- Opening Delimiter -
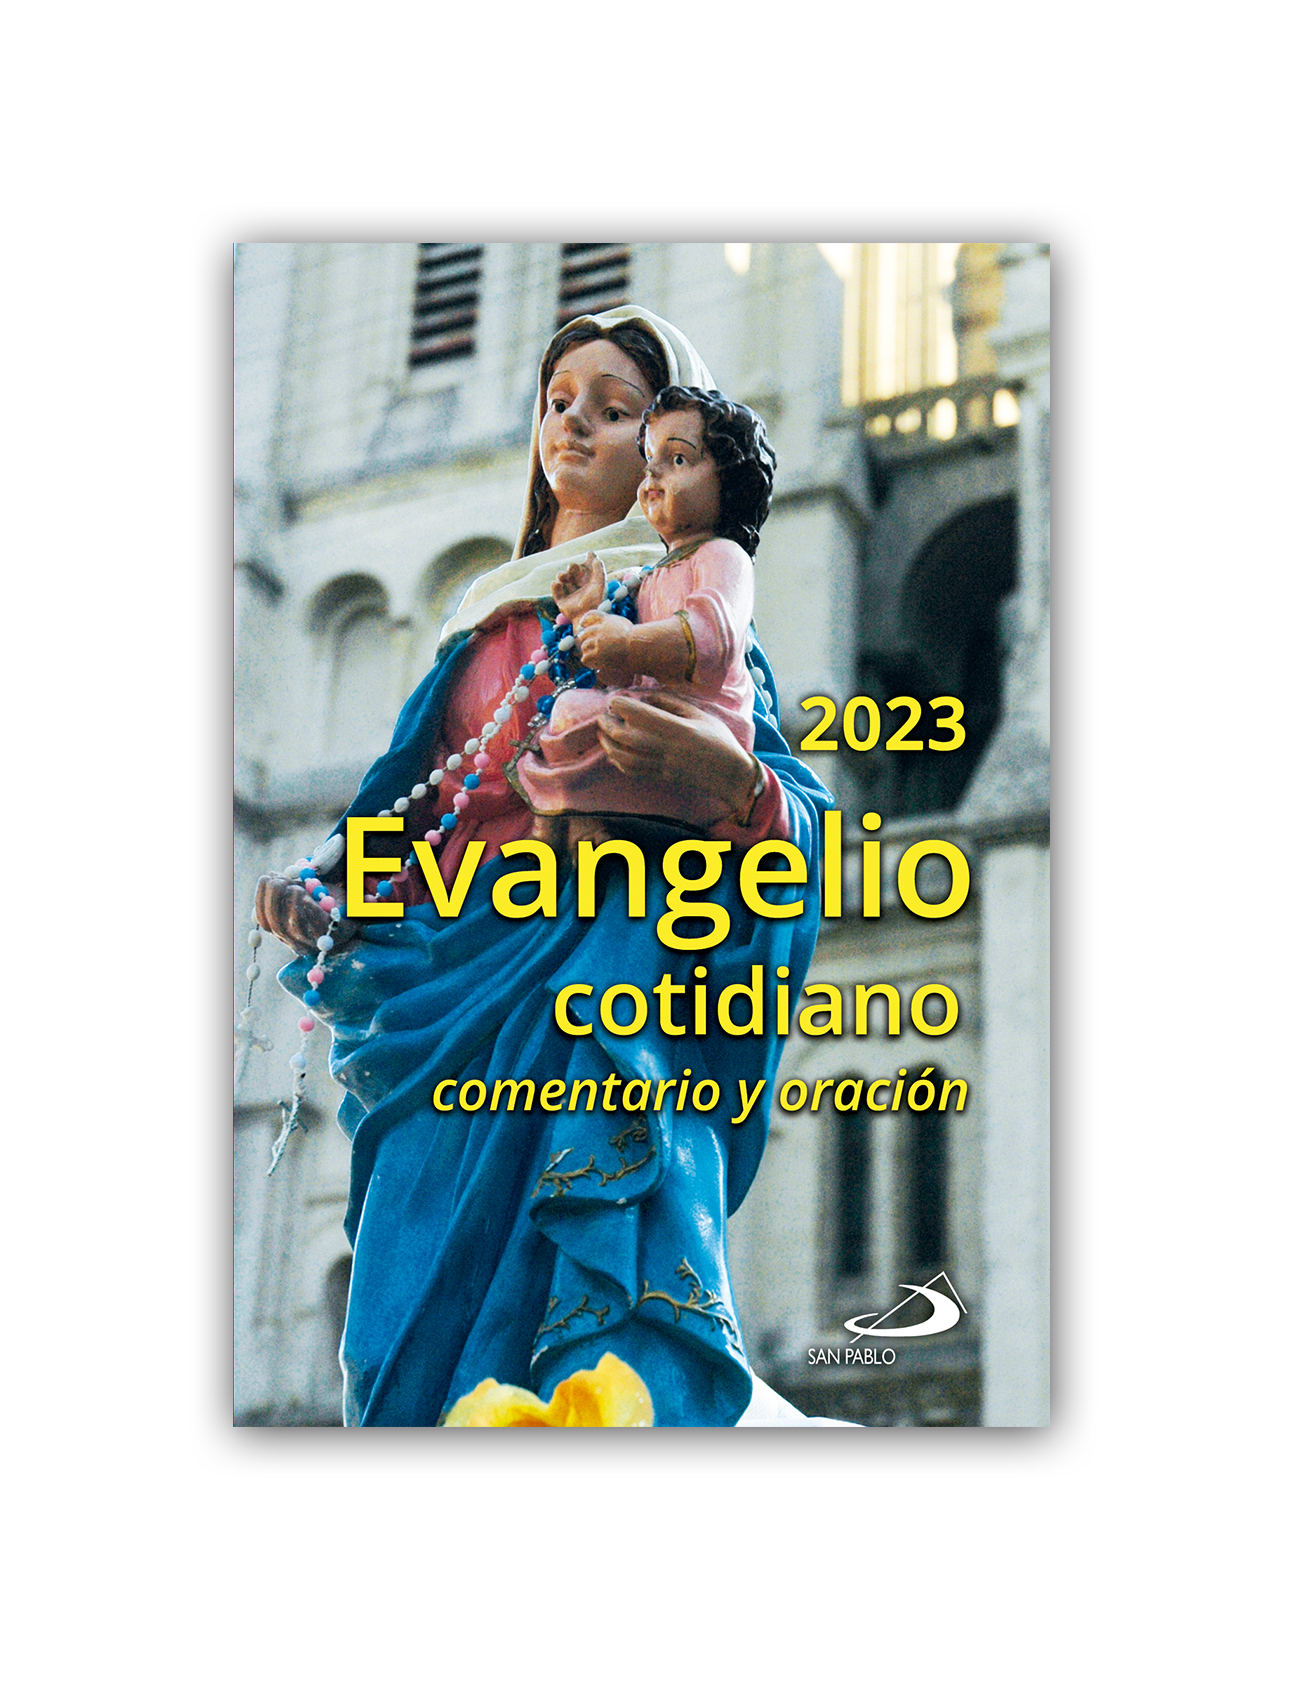 EVANGELIO COTIDIANO 2023 - TAPA MARIANA
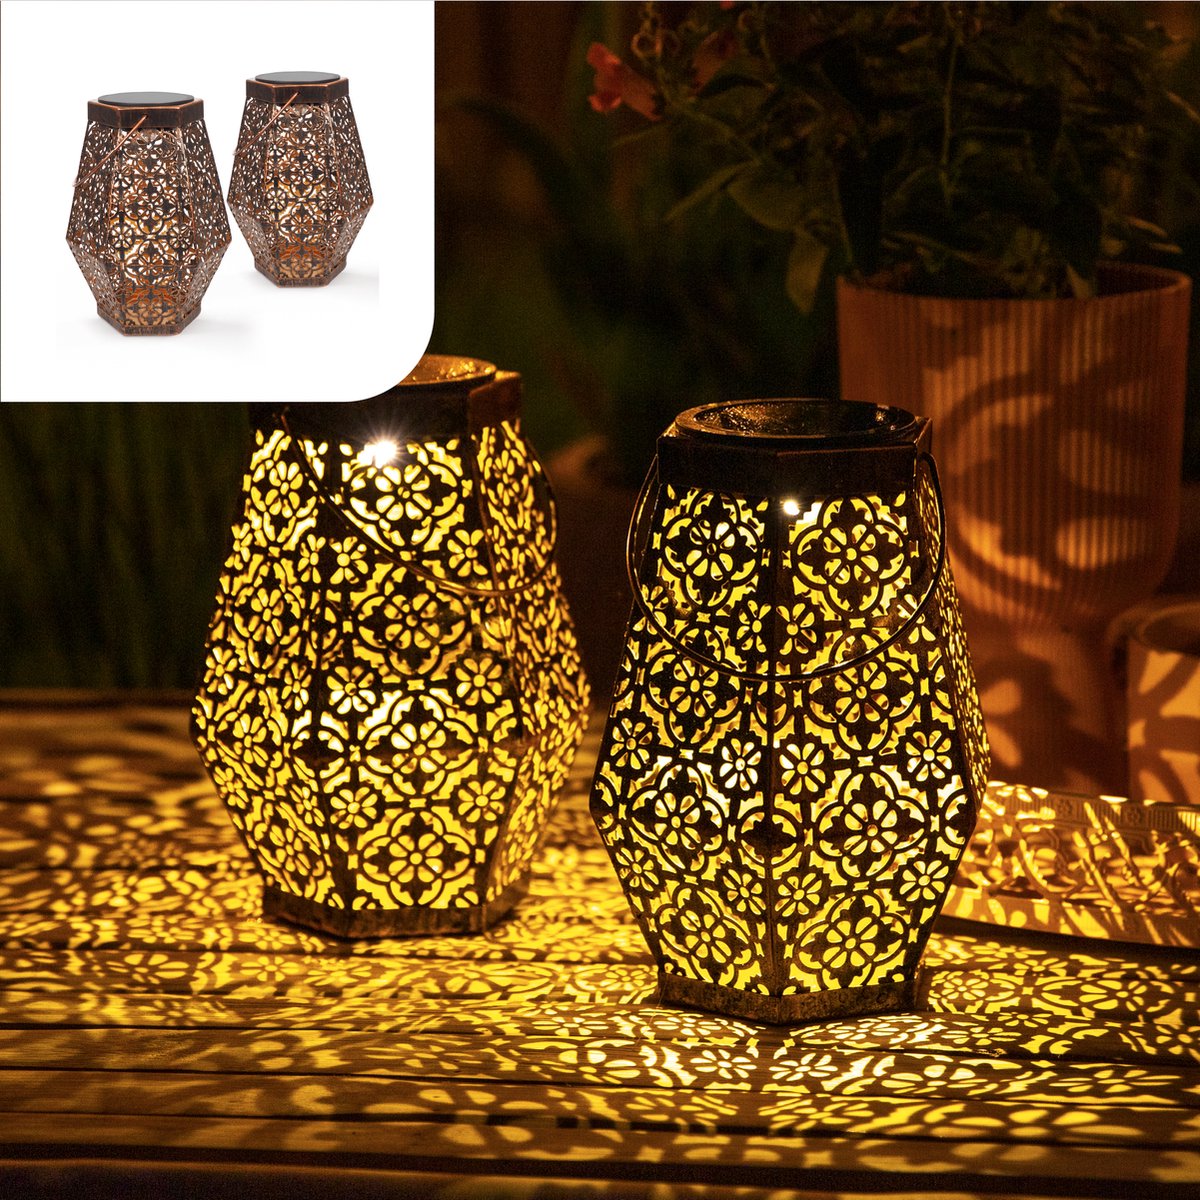 Gadgy Eclairage Jardin Solar Lampe de Table Maya XL - Lampe
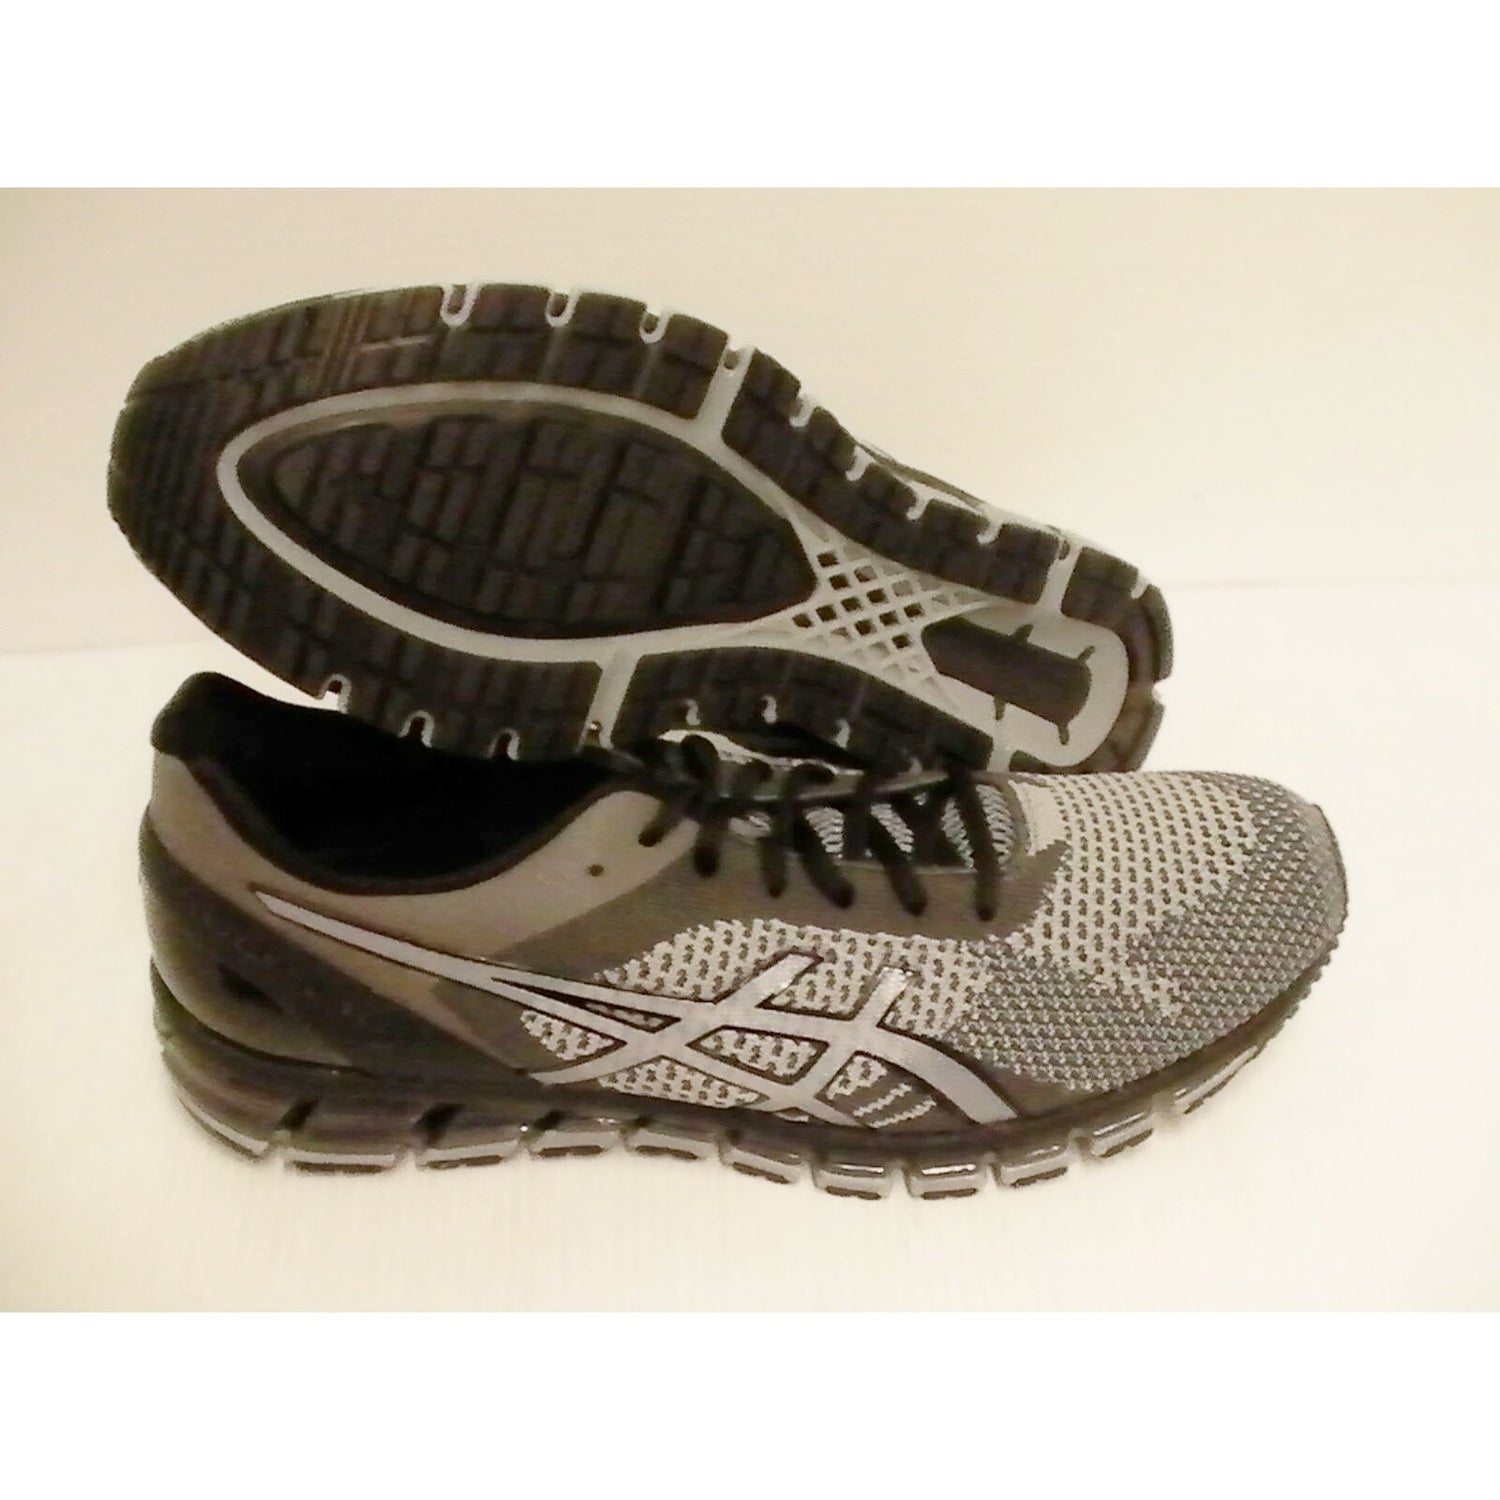 Asics men's gel quantum 360 knit running shoes mid grey carbon black size 11 us
- Closing Delimiter -
» **AIM OF THE EXERCISE**
Set down all of the material above exactly as written, leaving the pictures out.

» **RESPONSE AREA**
 EVANGELIO COTIDIANO 2023 - TAPA MARIANA
 Gadgy Eclairage Jardin Solar Lampe de Table Maya XL - Lampe
 Asics men's gel quantum 360 knit running shoes mid grey carbon black size 11 us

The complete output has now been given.